Аид, любимец Судьбы. Книга 2: Судьба на плечах (СИ) - Кисель Елена (книги бесплатно TXT) 📗
Кого я спрашивал? Прях?! Или ту, к которой никогда прежде не обращался сам? Эта не ответила. Зато Клото бросила пару свистящих словечек сквозь зубы (из словечек следовало, что отцом Лахезис был больной рахитичный ишак, язык которого вытягивался на два полета стрелы) и повернулась ко мне, и голос ее был на диво похож на голос из-за плеч.
На голос той, кто породила ее.
– Ох, дурак, ох, дурак.
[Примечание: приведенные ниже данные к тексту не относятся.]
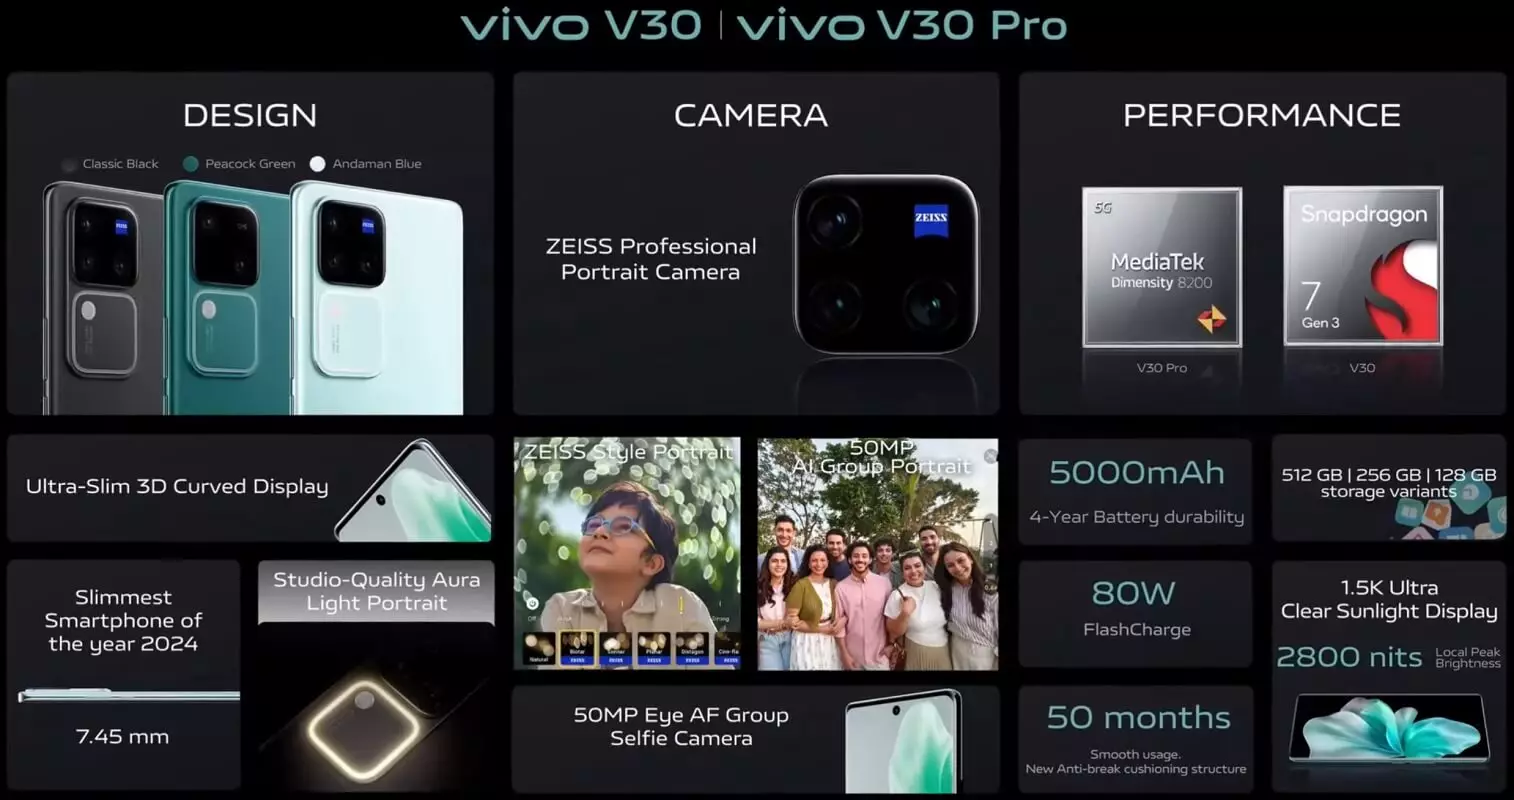 Vivo V30 and Vivo V30 Pro features India.

Невидимка… да неужели ты думал, что ты – первый и единственный?! Что такое – тебе одному?! Вы ж только гляньте – ось мира нашлась, хотя куды там ось – пупок!
Я почти не слышал, поднимаясь со своего места на перекрестье взглядов и делая слепой шаг вперед. Шел – в пламя Тифона и воды Стикса одновременно.
– Кто они?
– А какое тебе до них дело, невидимка? Были, теперь нет. В поколении только один такой случается. Теперь вот – ты любимчик, тебе и расхлебывать, а что за интерес…
Мойра осеклась – надо полагать, озадачилась при виде моего лица.
– Кто они?!
И тут Атропос, коротко хихикнув, дернула за что-то в своем клубке – и стало неважно.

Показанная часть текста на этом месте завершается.